Женя поспешила отскочить от подвала и скрыться в толпе.
Весь этот день она не находила себе места. Камнем давили сердце предчувствия. Мысленно она возвращалась к последней Ленькиной фразе.
Почему в его голосе было столько печали, мучительной грусти? Слова его о голубях прозвучали, как последняя просьба, как завещание. Или ему объявили, и он знает уже свою судьбу, но, боясь огорчить ее, не решился сказать страшную правду?
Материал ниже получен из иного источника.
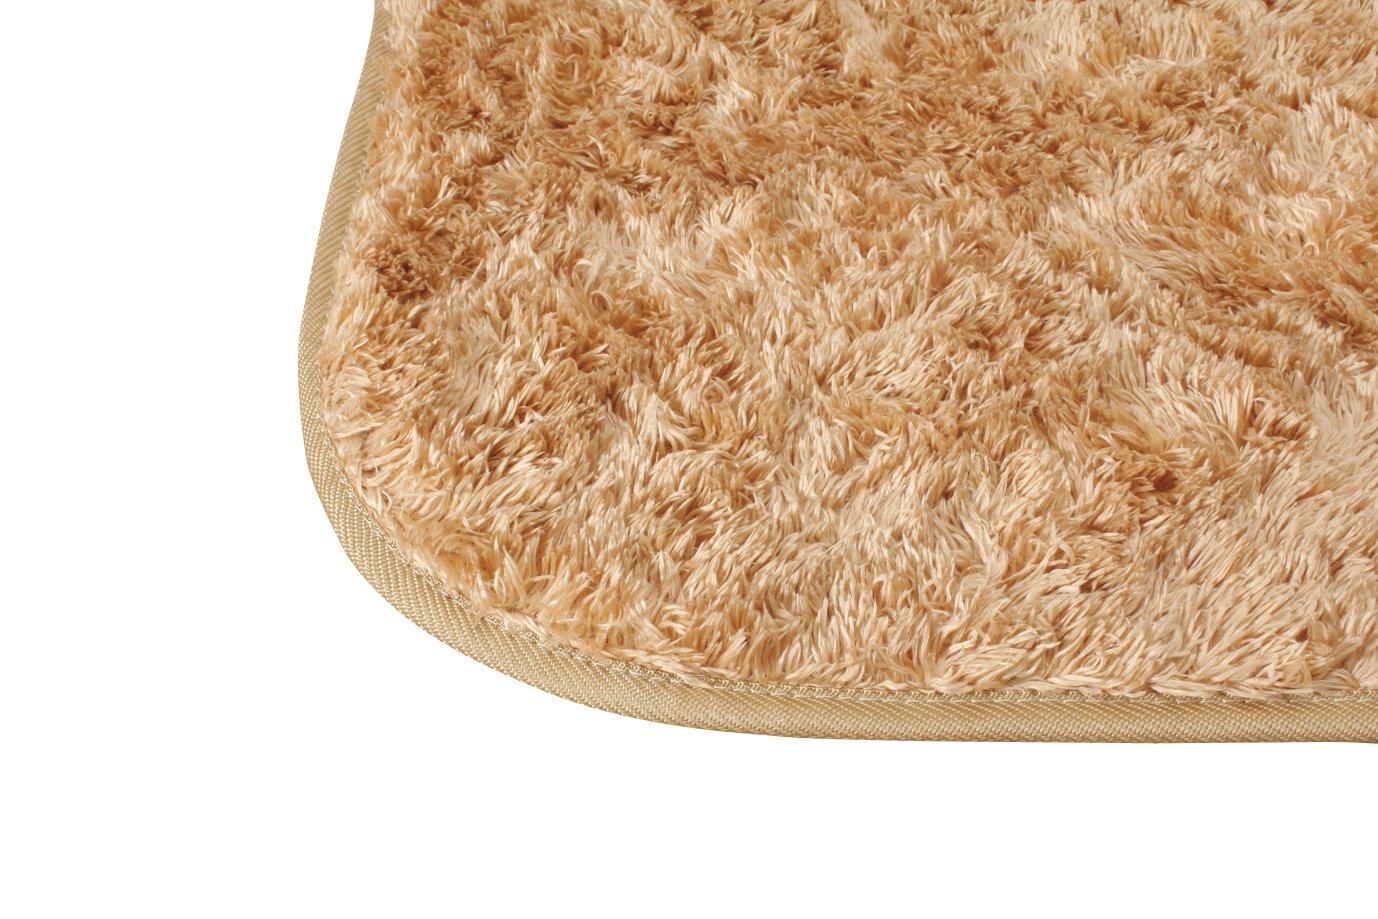 アイリスオーヤマ ラグカーペット シャギー 230×230cm クッキー MPS-2323 B008S62SJ4 クッキー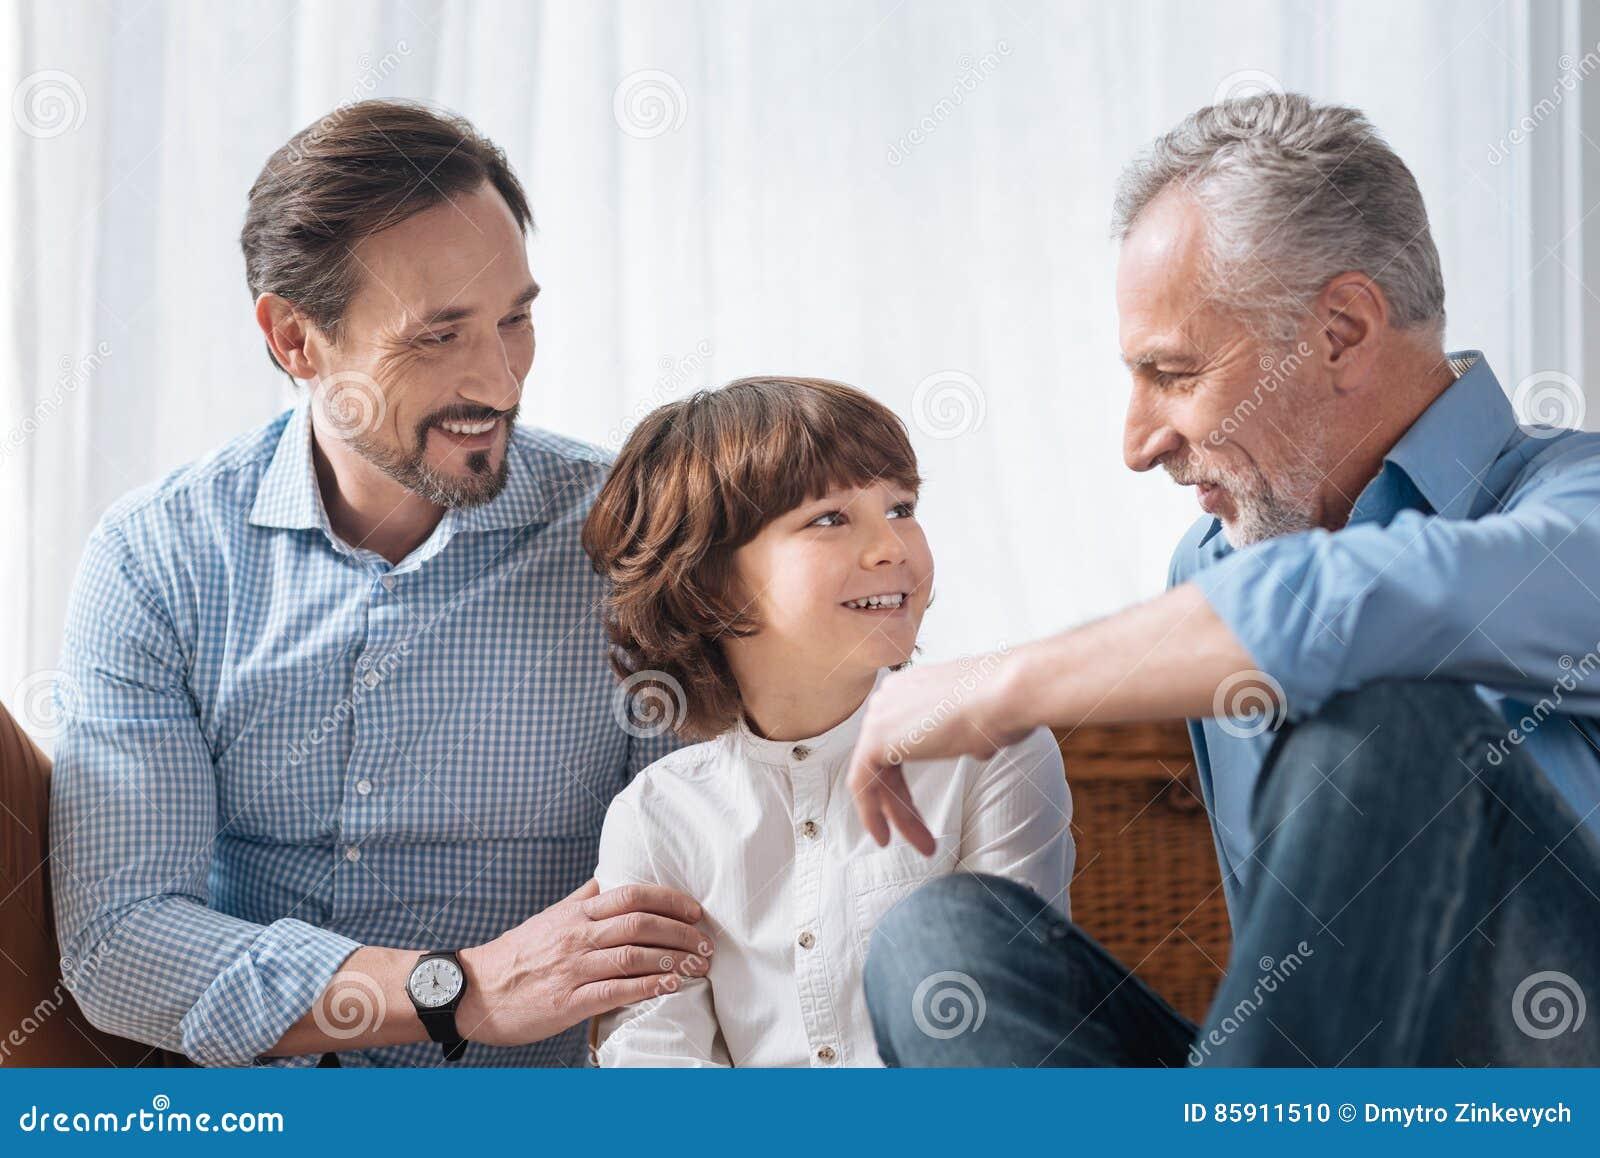 Όμορφος ευχαριστημένος παππούς που εξετάζει τον εγγονό του

Сказать, что никому — ни ей, ни матросам, ни Димке с Витькой, теперь не угрожает опасность провала, что он все-все взял на себя…
Но, быть может, она ошибается? Не все ведь еще потеряно. Его могут бросить в концлагерь, наконец, выслать в Германию, как высылают многих. Настанет день, и он обретет свободу, как и другие, томящиеся в неволе…
Утром она немного задержалась, укладывая в мешочек свой свитер, шерстяные носки, кое-что из еды и лакомство — кулек с сушеными фруктами. Она решила отдать охраннику все немецкие марки, что у нее были, лишь бы передать узелок и хотя бы этим порадовать Леньку. Ведь сегодня ему исполнилось пятнадцать лет!
День был выходной. Возле подвала посетителей было больше, чем в обычные дни, и очередь у ворот длинней. Женя подошла к окошку крайней камеры и, выждав, когда рядом никого из посетителей не оказалось, окликнула Леньку.
Но сучок в доске не проваливался, и Ленька не отзывался. Чтобы не привлечь внимания Ахмета, стоявшего у ворот, она затерялась в толпе, а спустя немного времени вернулась и снова дважды позвала. Но и на этот раз Ленька не подошел к окошку.
Почему он молчит? Или нынче он в другой камере? Напевая, она, как вчера, стала прохаживаться у стены по тротуару.
Прошло четверть часа, но Ленька и на песню не откликнулся. Женя решила попробовать проникнуть за ворота или на худой конец вручить передачу. Держа в руке деньги так, чтобы Ахмет мог их видеть, она подошла и спросила его, в какую камеру переведен Ленька.
Взгляд часового скользнул по ее руке. Не стесняясь других посетителей, он ловким привычным движением зажал деньги в кулаке и ответил:
— Нет твой Ленька. Он там, — Ахмет указал большим пальцем куда-то вверх через плечо.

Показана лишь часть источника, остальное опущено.